The 23andMe situation established that genetic data companies carry a tail risk that other health data companies do not: the combination of scale (millions of users) and permanence (DNA doesn't expire) means a single acquisition or bankruptcy event can have long-duration privacy consequences.
The Location Data Overlay
Location data, sold by the data broker industry (see the broader data broker economy), becomes health data when it is combined with geographic inference. Visiting an oncology clinic, a psychiatric hospital, an abortion provider, or an addiction treatment center can be inferred from mobile phone location data. The Dobbs ruling made this overlap explicit: law enforcement or private litigants in states with abortion bans could theoretically request location data from brokers to establish whether a person visited a reproductive health clinic.
SafeGraph, a major location data broker, agreed to stop selling data about visits to abortion clinics and other sensitive health locations in 2022 following public pressure. Several other brokers made similar commitments. But these were voluntary commitments, not legal requirements, and enforcement is difficult.
The Legal Landscape Is Changing
Washington State's My Health MY Data Act, signed in May 2023 and effective March 2024 for large businesses, is the most comprehensive US health privacy law outside HIPAA. It covers health data processed by any company that does business in Washington — regardless of whether that company is a HIPAA covered entity — and requires affirmative authorization (opt-in consent) before collecting or sharing consumer health data. It applies to period app data, fitness data, mental health data, and location data used to infer health status.
Texas and Nevada have passed similar laws. Several states have bills pending. The prospect of a federal consumer health privacy law has been discussed in Congress but has not advanced to passage as of 2026.
The FTC has increasingly used its Section 5 authority (prohibiting unfair or deceptive practices) to bring health data actions even without specific legislation — the BetterHelp and GoodRx cases are the most prominent examples. In April 2024 the FTC published a policy statement indicating it views the sharing of health data for advertising purposes without meaningful user consent as unfair under Section 5.
What You Can Actually Do
The practical steps for reducing health data exposure are limited but meaningful. Review the privacy policy of any health or wellness app before using it — specifically whether it sells or shares data with "third parties" and whether "de-identified" data is explicitly excluded from that language. Washington's My Health MY Data Act has given consumers in that state the right to access and delete health data held by covered entities; if you are in a covered state, those rights are enforceable.

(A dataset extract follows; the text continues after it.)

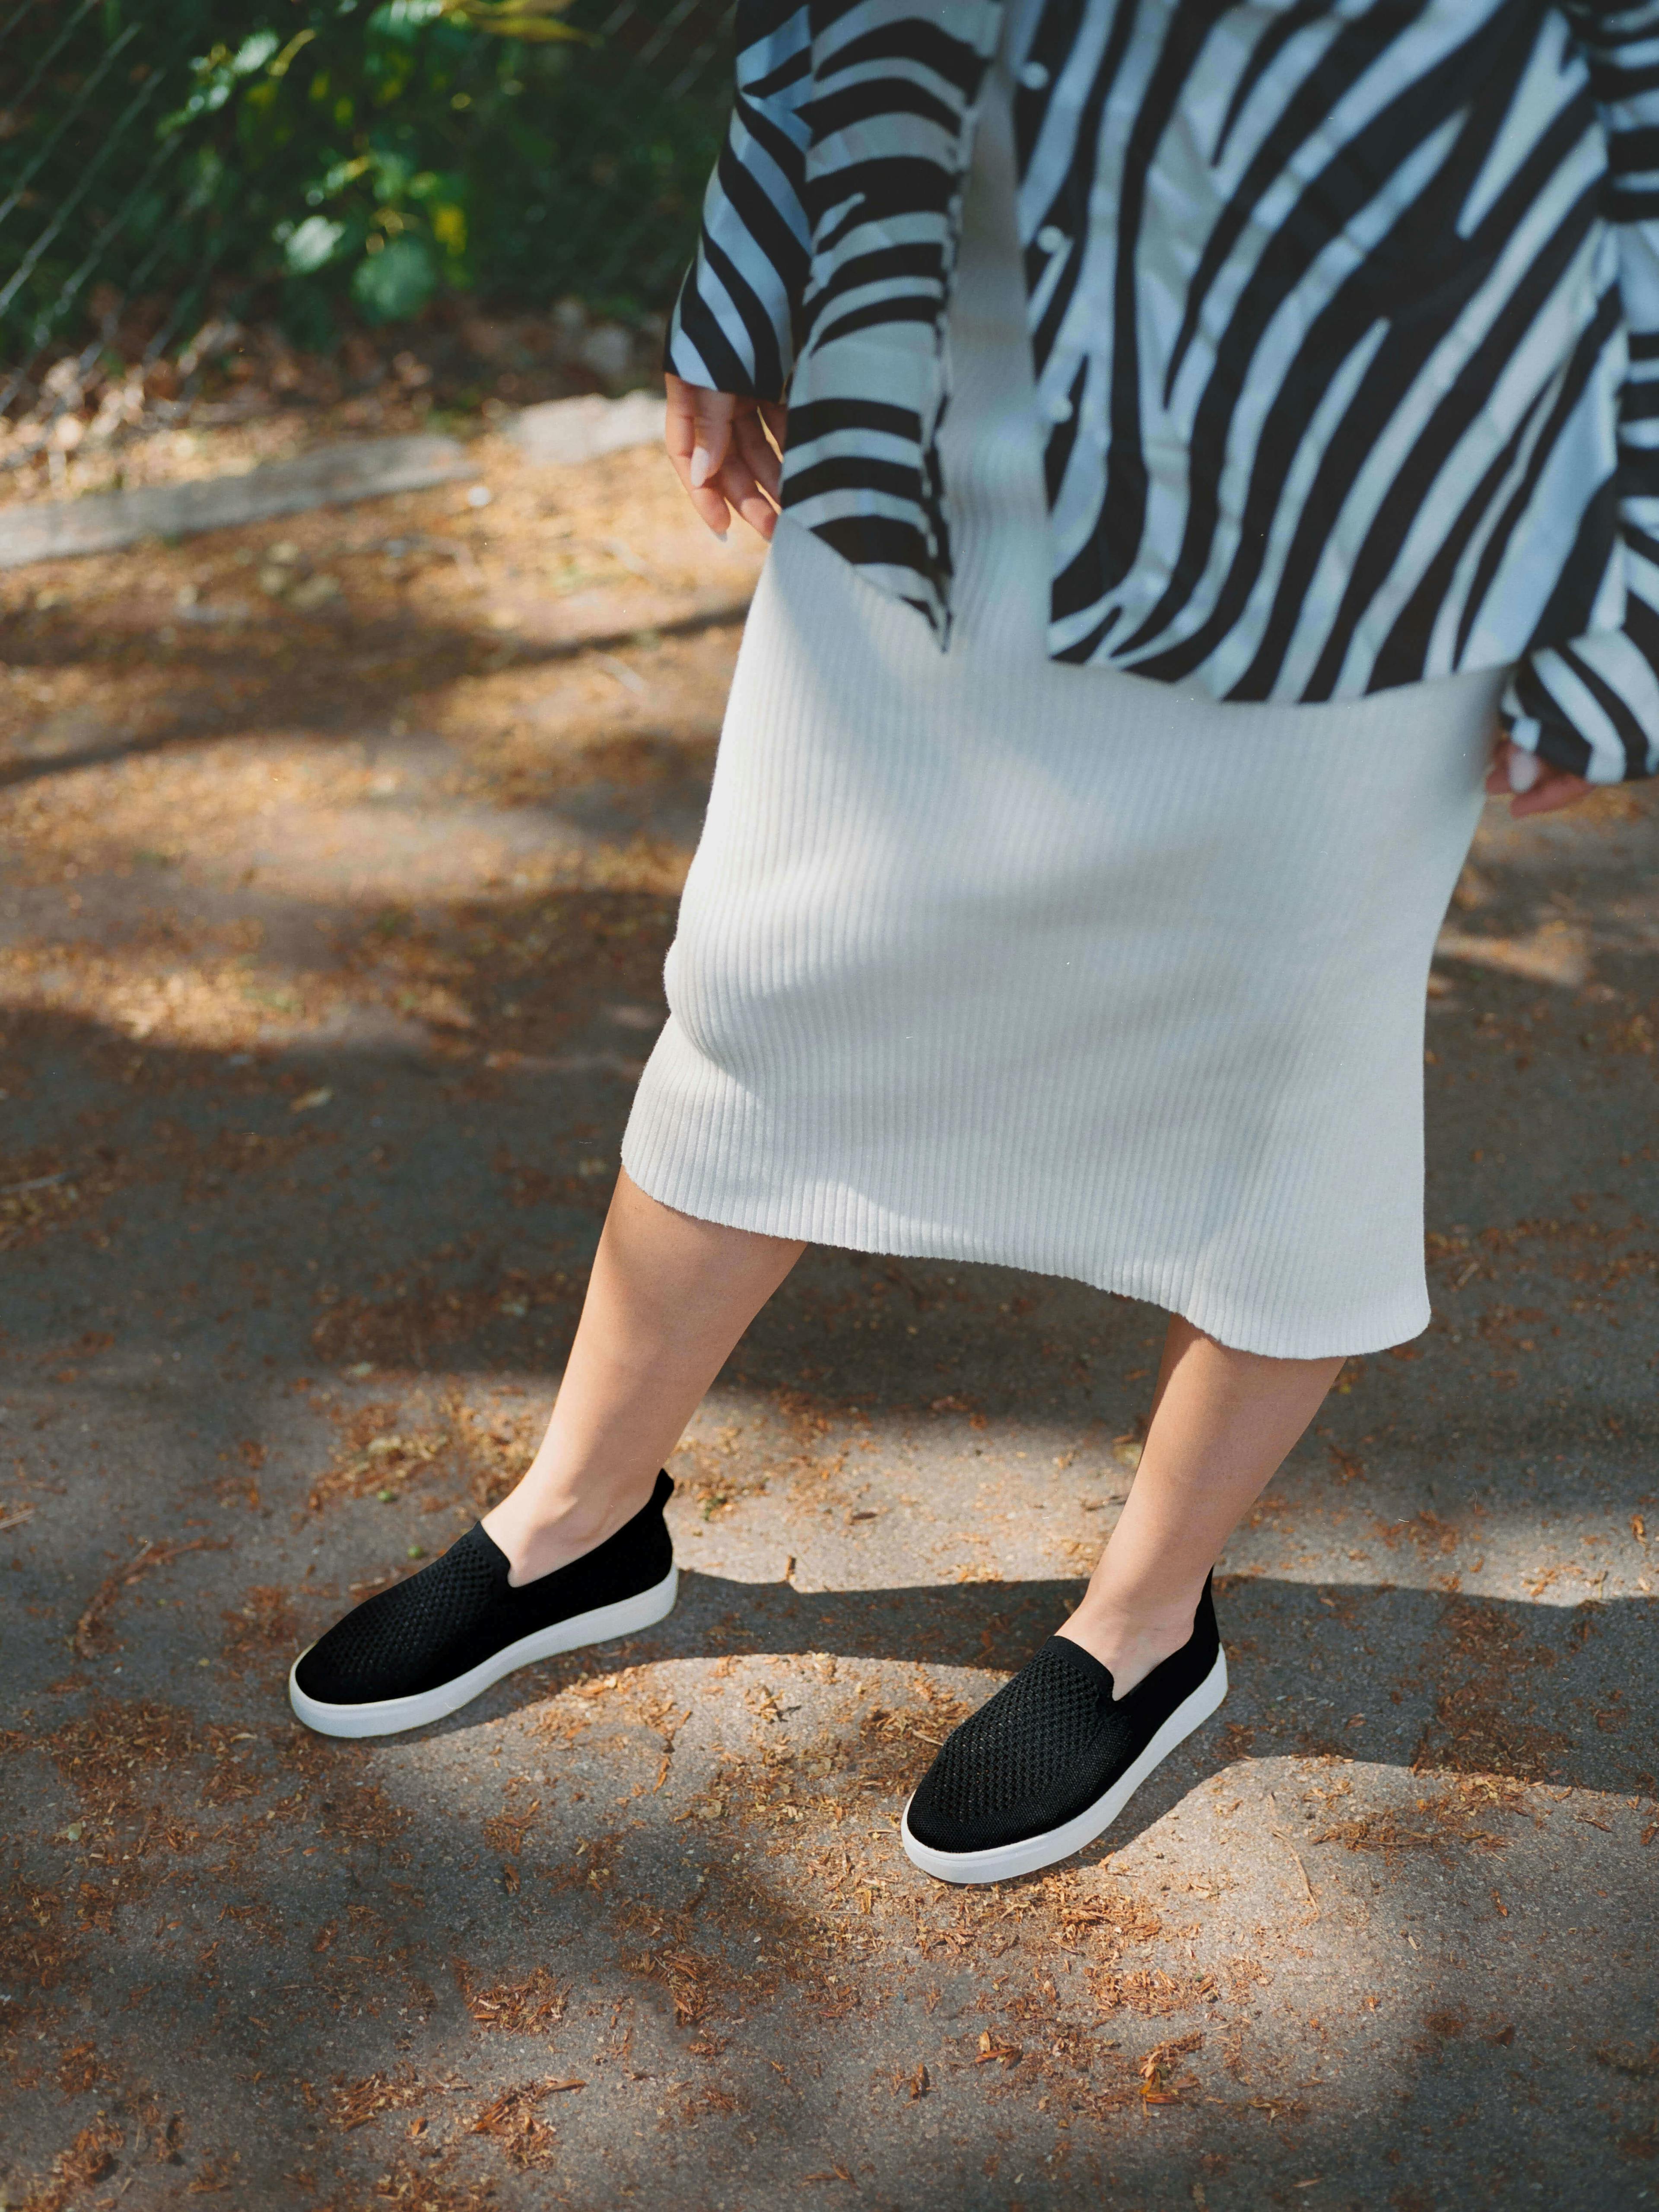 Stup inn i sommeren med Stavern pustende slip-on sneakers, designet for kjølig komfort og enkel vedlikehold med deres maskinvaskbare design.

For sensitive health searches, using a private browser session (which prevents browser history from being shared with ad networks) reduces but does not eliminate tracking — advertisers can still identify you via IP address and browser fingerprint. For period tracking, Euki and Drip are apps designed specifically with data minimization and local-only storage in mind.
For genetic testing, the data ship has largely sailed for people who have already tested. For those considering testing: read the terms of service on data sharing, understand what "research consent" means in the context of the specific company's business model, and consider whether the results are worth the permanent data exposure.